Dans ce documentaire, il y a un dicton qui fait froid dans le dos, qui en dit long sur le pourquoi du comment des populations qui migre évidemment c’est "Barça ou Barsac", ça veut dire "Vas en Europe ou meurs en chemin"...
Le rêve africain, pendant très longtemps, a été en dehors du continent. C’était soit aller à Barça -Barça c’est Barcelone en Espagne-, ou Barsac, la mort. J’ai passé beaucoup de temps à Agadez, dans le désert au Niger, où il y a beaucoup de jeunes qui se retrouvent là-bas, pour essayer de traverser le désert et arriver en Libye pour ensuite faire la traversée de la Méditerranée. J’étais dans un camp de réfugiés où je donnais des ateliers de musique et donc, j’avais l’occasion de parler avec beaucoup de ces jeunes. La force du rêve leur a permis de traverser toute l’Afrique dans des conditions épouvantables parce qu’ils pensaient qu’en arrivant en Europe, tous leurs problèmes seraient résolus. Pour eux, c’est un eldorado où ils pourront enfin avoir une vie décente et s’occuper de leur famille restée au pays. L’idée, c’est de faire revenir le rêve africain en Afrique et de créer des opportunités pour les jeunes Qu’ils n’aient pas besoin de mettre en péril leur vie. Pouvoir juste avoir une vie décente en fait. Arrêter de survivre au jour le jour.
Dans ce documentaire, on vous entend chanter, Inna, vous utilisez votre voix pour faire passer des messages…Et vous avez d'ailleurs mis à profit ce documentaire pour faire un nouvel album…
On connaît beaucoup l’Afrique par sa musique et je me disais qu’à travers la musique on pouvait faire passer tous les messages, des plus durs aux plus softs. Et je suis d’abord musicienne avant tout donc, le long du voyage, je suis allée à la rencontre d’artistes engagés qui parlent à une communauté bien particulière et j’avais envie qu’ils utilisent leur voix avec nous pour pouvoir mettre en lumière, non seulement les problématiques, mais aussi la beauté de leur culture.

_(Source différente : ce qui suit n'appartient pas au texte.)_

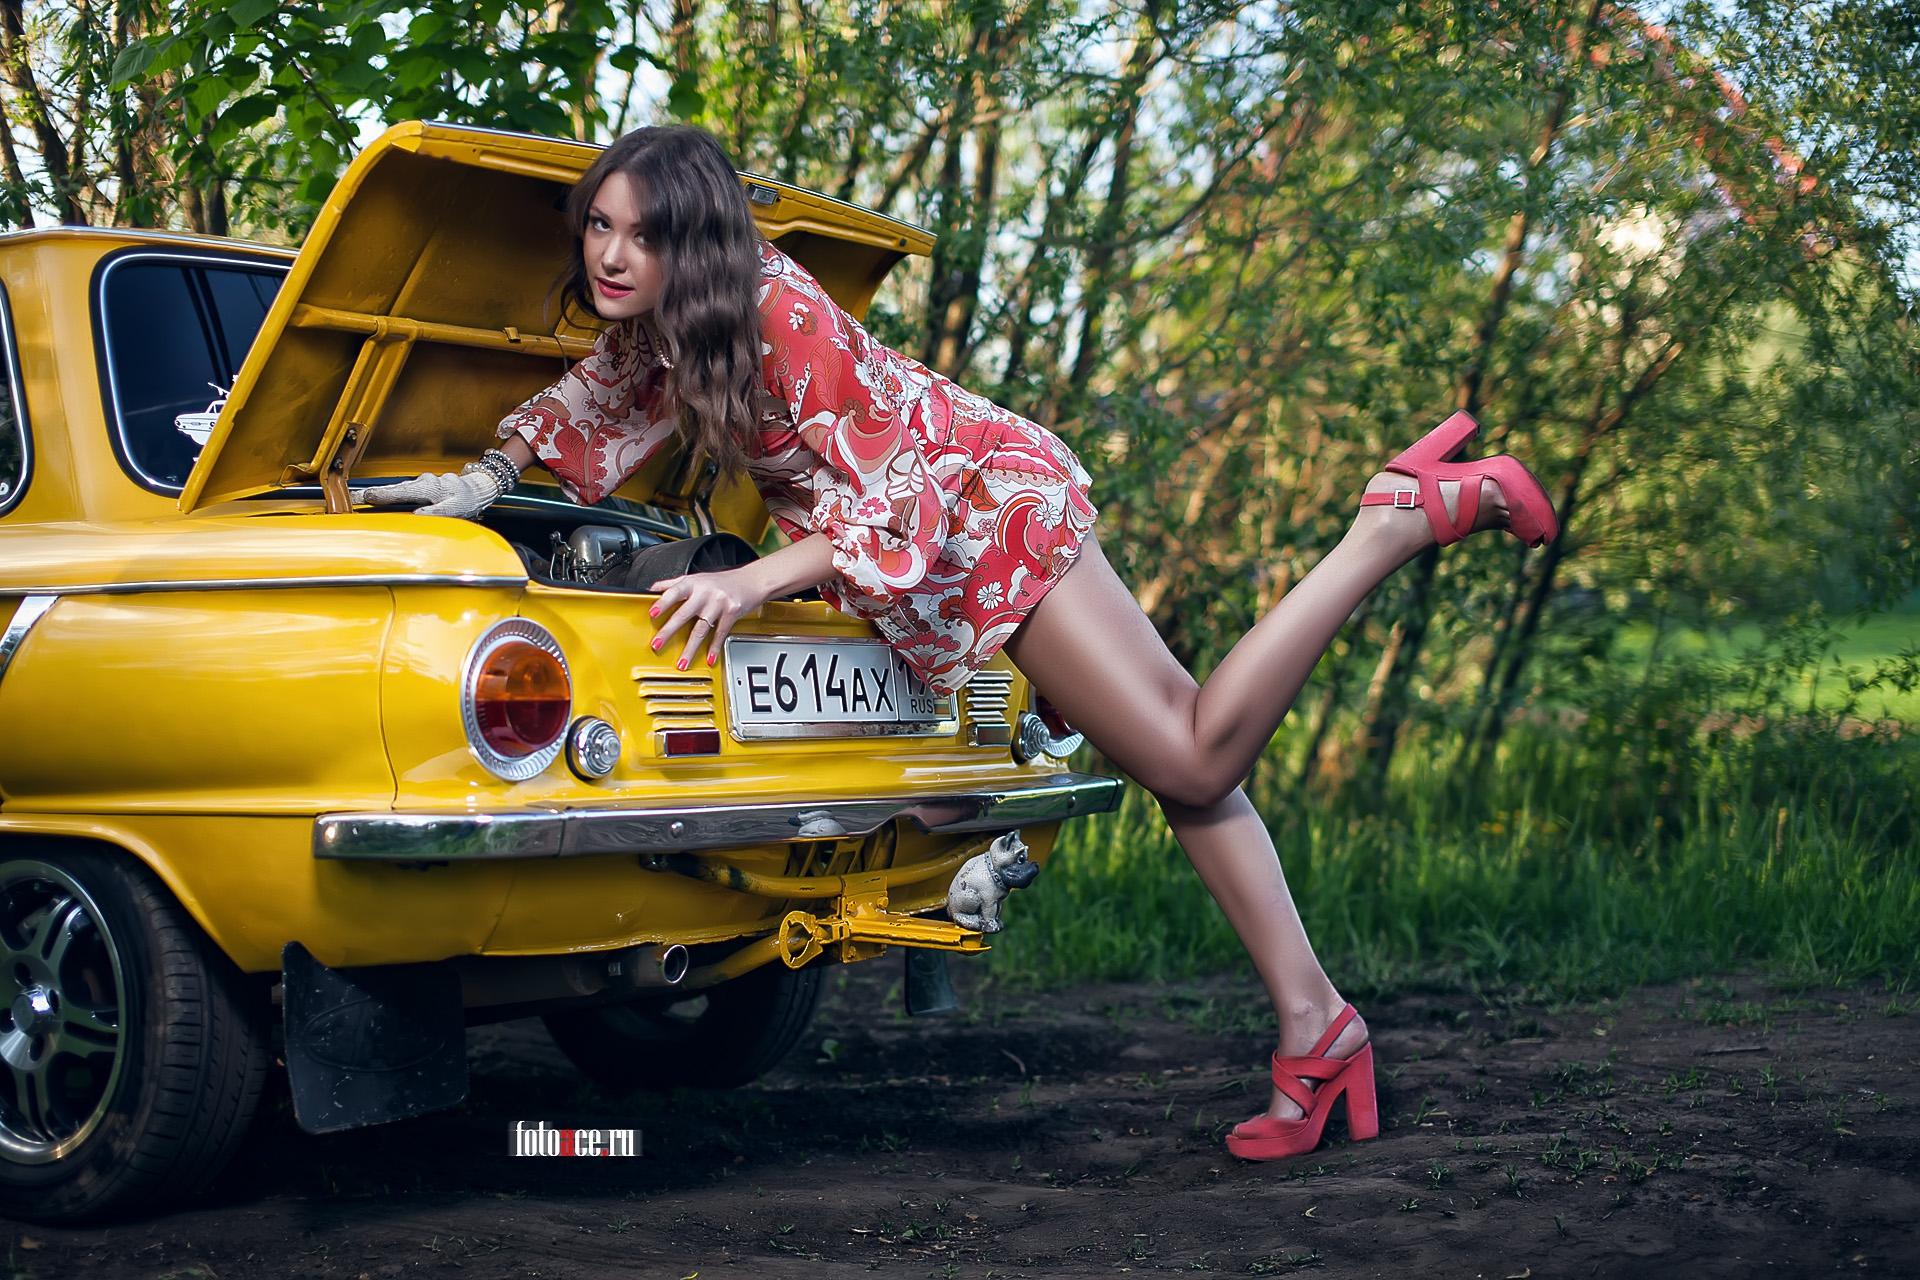 Фото пикапа девушек, Удачный пикап на улице порно фото 17 фотография

Comment imaginez-vous ce nouveau monde ?
Quand on traverse des difficultés comme ça, on a envie de se serrer les coudes un peu plus. Et puis, on a vu le personnel médical qui s’est mobilisé, qui s’est battu au péril de sa vie pour sauver des vies et ça a inspiré beaucoup de gens. Donc, la combativité dont on a fait preuve nous a changés et va nous permettre de modifier notre société. C’est une tragédie, mais j’espère qu’on va en tirer quelque chose de constructif et qu’on va avancer en faisant plus attention aux autres
Merci Inna Modja. The great green wall, Ce sera au cinéma dès que les salles rouvriront.